PayPal recently announced that it is teaming up with three Bitcoin processors – BitPay, Coinbase and GoCoin – to enable certain retailers to accept the virtual currency.
The new service will initially be geared toward sellers of digital goods, such as MP3 downloads and online games, and will be limited to merchants in North America and Canada, though PayPal’s Scott Ellison, senior director of corporate strategy revealed that the company’s strategy would evolve over time, writing that “we’re proceeding gradually, supporting Bitcoin in some ways today and holding off on other ways until we see how things develop.”
Ellison went on to explain that PayPal’s choice of partners was influenced by its joint commitments of offering safer payment methods to sellers as well as to its own customers.

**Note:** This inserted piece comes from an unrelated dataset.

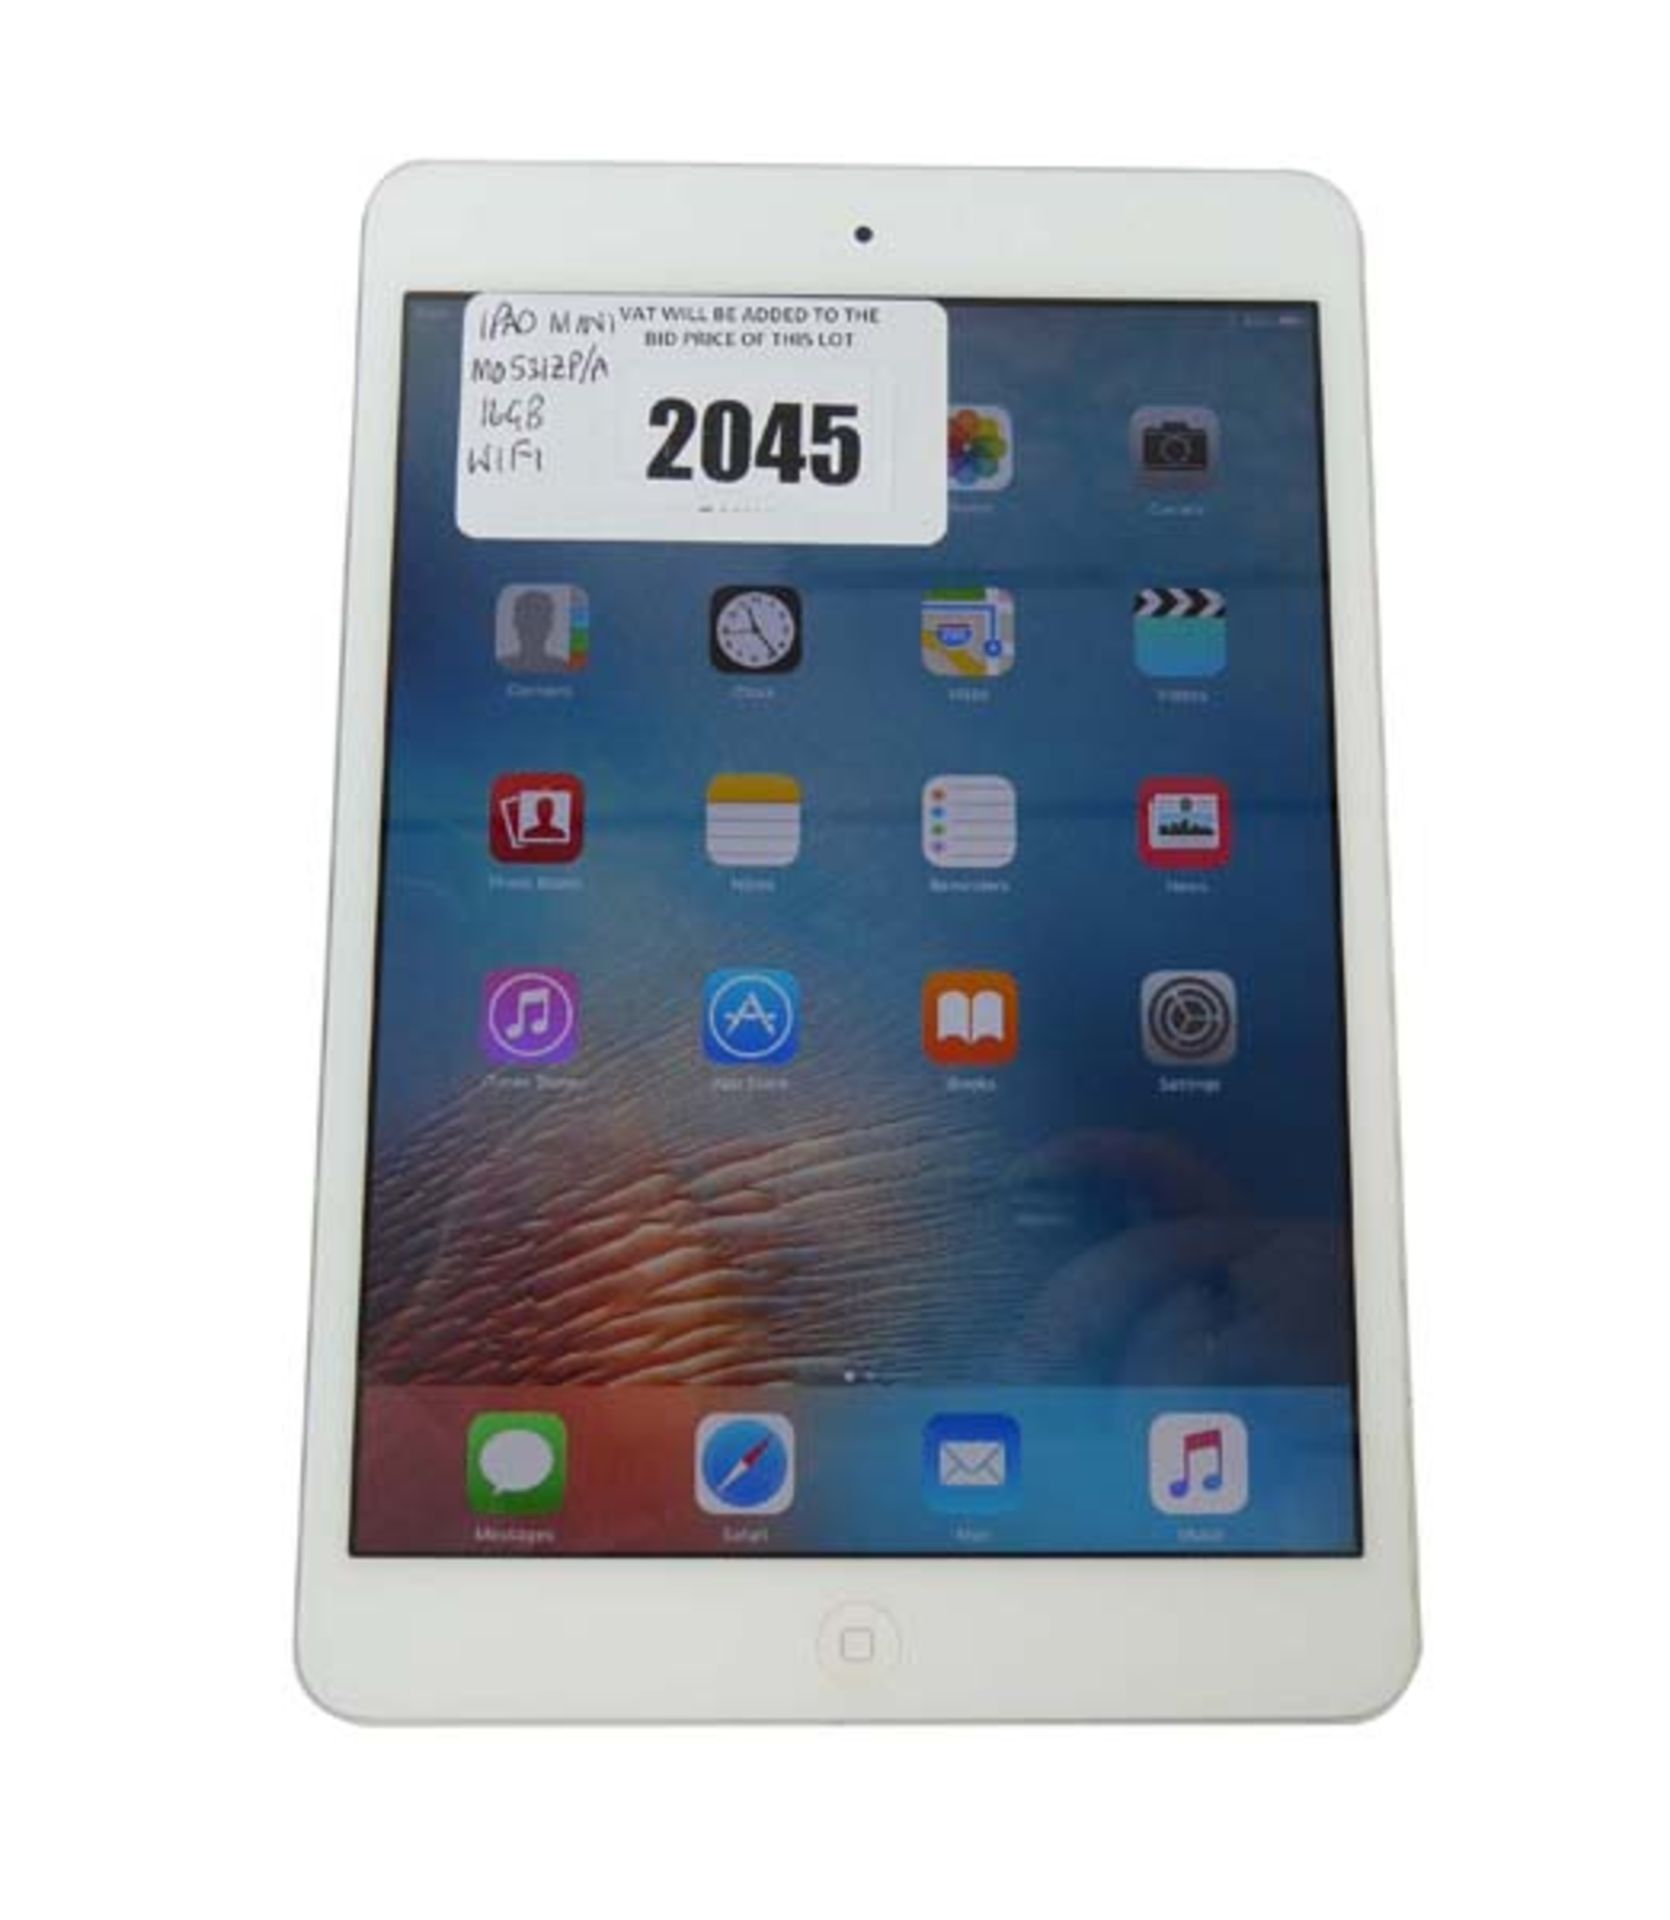 iPad Mini 16GB Silver tablet (A1432)

PayPal will not however be adding Bitcoin to its own digital wallet, or processing such payments through its secure platform. Instead, all Bitcoin payments will be processed entirely by BitPay, Coinbase and GoCoin themselves.
Additionally, PayPal will not accept payments from merchants that pre-sell goods or services that it intends to deliver in the future. The thinking behind that decision is that such organisations can sometimes go bust before orders are fulfilled but after the buyer protection period expires. PayPal, Ellison writes, is committed to protecting its customers and Bitcoin is simply not a viable option where advance payments are concerned.
Ellison also explains how adoption of the virtual currency will be shaped by legislation, noting that “PayPal also needs to follow the laws and regulations in every market we operate. For this reason, virtual currency exchangers and administrators interested in working with PayPal in the future must secure the appropriate licenses and put anti-money laundering procedures in place.”
Reading between the lines, it looks like PayPal certainly has an interest in alternative currencies and, presumably, the effect their acceptance will have on the company’s bottom line, yet has some reservations about jumping straight in.
The latest move builds on an earlier announcement that its subsidiary Braintree, a payment processor used by companies such as Airbnb, Dropbox, LivingSocial and Uber, was also looking into how it too could accept Bitcoin as a payment method, again via Coinbase.
The successive Bitcoin announcements from the firm may prove to be a prelude to far wider adoption of the crypto currency by PayPal, a move that some Bitcoin owners may welcome. Indeed Ellison wrote how the company is excited to be working with businesses that facilitate new types of currency, adding that “we hope to do more with Bitcoin as its ecosystem continues to evolve.”
Whether every Bitcoin fan will be happy to imagine a future for Bitcoin that potentially involves closer integration with PayPal and maybe even eBay remains to be seen though. Whilst Bitcoin continues to gain momentum as a legitimate currency part of its attraction in the past, for some at least, has been its unofficial and unregulated nature and subsequent potential uses.
That aside, many virtual coin users look set to benefit from additional methods to pay for ebooks, songs, games and even their favourite VPN, so it’s not all bad eh?